Hadis-i Şerifte Buyuruldu ki:
حَدّثَنَا أَبُو بَكْرِ بْنُ أَبِي شَيْبَةَ. ثَنَا خَالِدُ بْنُ مَخْلَدٍ. حَدَّثَنِي سَعِيدُ بْنُ مُسْلِمٍ اِبْنِ بَانَكَ؛ قَالَ: سَمِعْتُ عَامِرَ بْنَ عَبْدِ اللّهِ بْنِ الزُّبَيْرِ يَقُولُ: حَدَّثَنِي عَوْفُ بْنُ الْحَارِثِ عَنْ عَائِشَةَ؛ قَالَتْ: قَالَ لي رَسُولُ للّهِ صَلَّي اللّهُ عَلَيْهِ وَسَلَّمَ: يَا عَائِشَةَ! إيَّاكَ وَمُحَقَّرَاتِ اﻻٔعْمَالَ. فَإنَّ لَهَا مِنَ اللّهِ طَالِباً.فِي الزوائد: إسناده صحيح. رِجَالُهُ ثقات .
Sevbân Radıyallahu Anh anlatıyor:
"Resûlullah aleyhissalâtu vesselâm buyurdular ki:
"Ümmetimden bir kısım insanları bilirim ki, Kıyamet günü Tihâme dağları emsalinde bembeyaz (tertemiz) hayırlarla gelirler.

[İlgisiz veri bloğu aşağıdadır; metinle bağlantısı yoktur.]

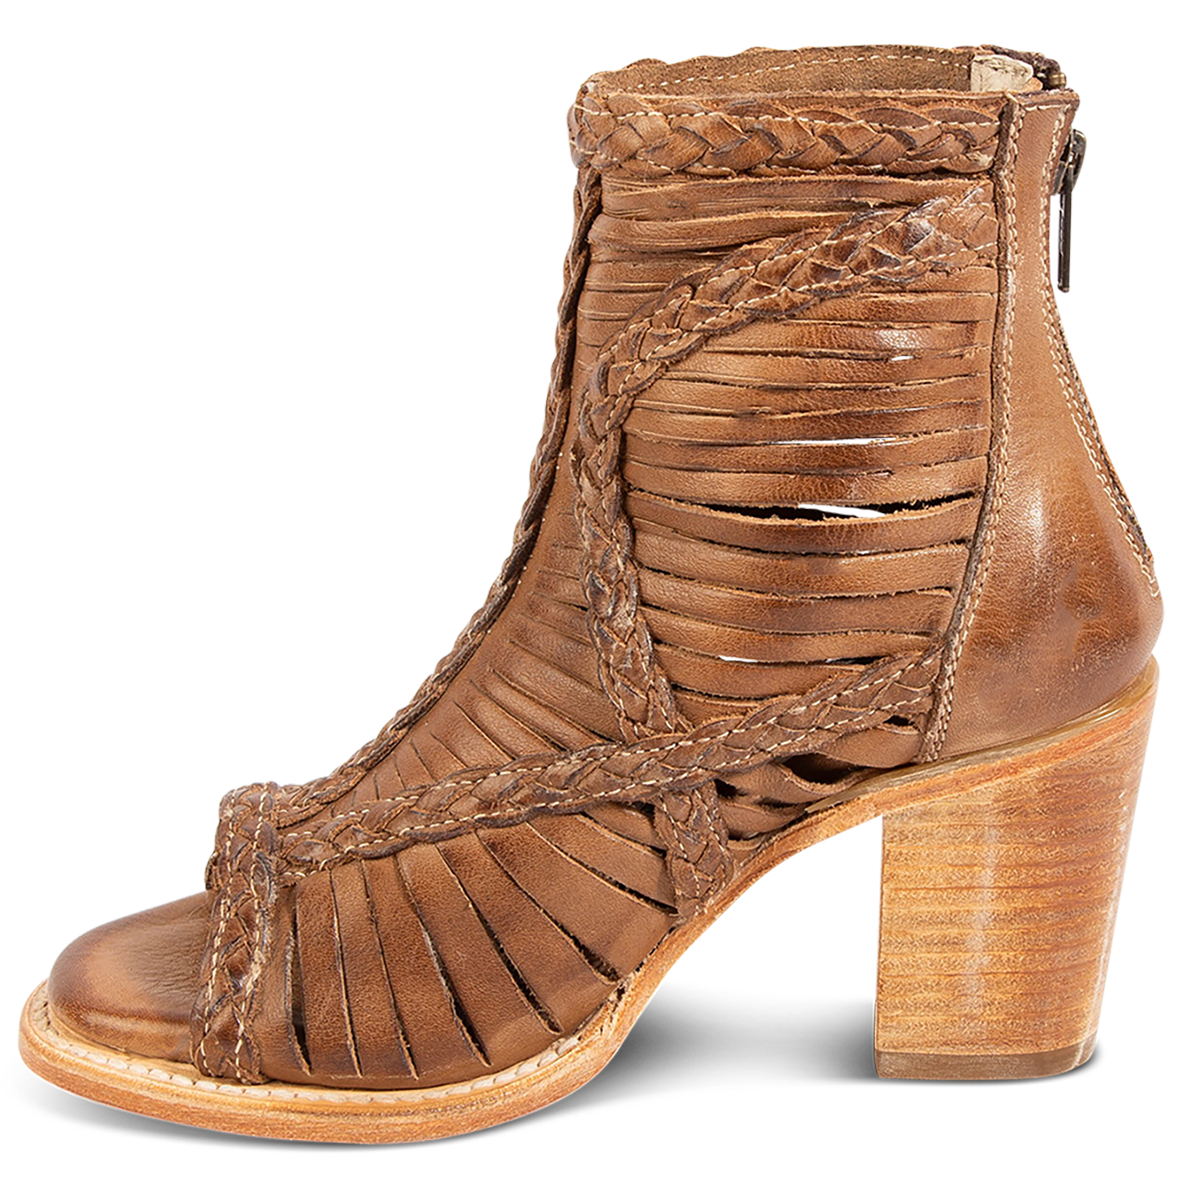 Inside view showing laser cut leather, detailed braided accents and a stacked heel on FREEBIRD women's Bela wheat leather sandal
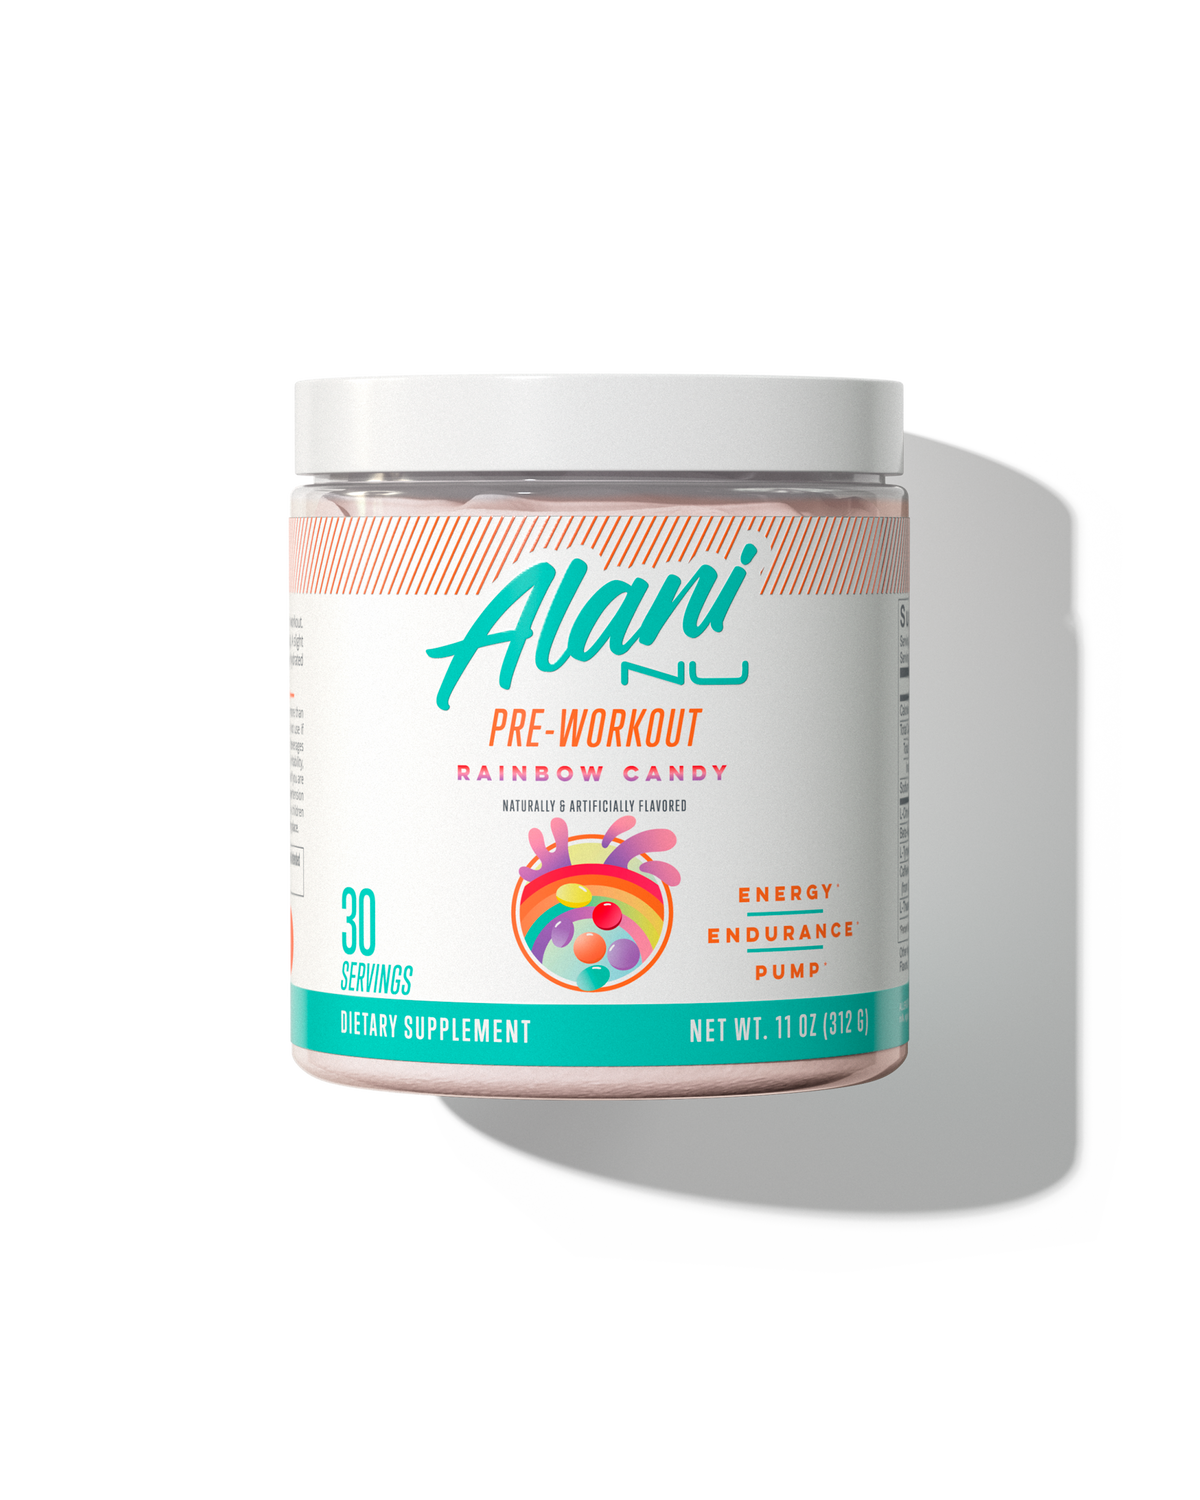 A 30 serving container of Pre-workout in Rainbow Candy flavor.

Aziz ve celil olan Allah Teâla hazretleri o sevapları saçılmış toz haline getirir (değersiz kılar, kabul etmez)."
Sevban dedi ki: "Ey Allah'ın Resûlü! Onları bize tavsif et, durumlarını açıkla da, bilmeyerek biz de onlardan olmayalım!"
Aleyhissalâtu vesselâm açıkladılar:
"Onlar sizin din kardeşlerinizdir. Sizin cinsinizden insanlardır. Sizin aldığınız gibi onlar da gece (ibadetin)den nasiplerini alırlar. Ancak onlar, Allah'ın yasaklarıyla tenhâda başbaşa kalınca o yasakları ihlâl ederler, çiğnerler."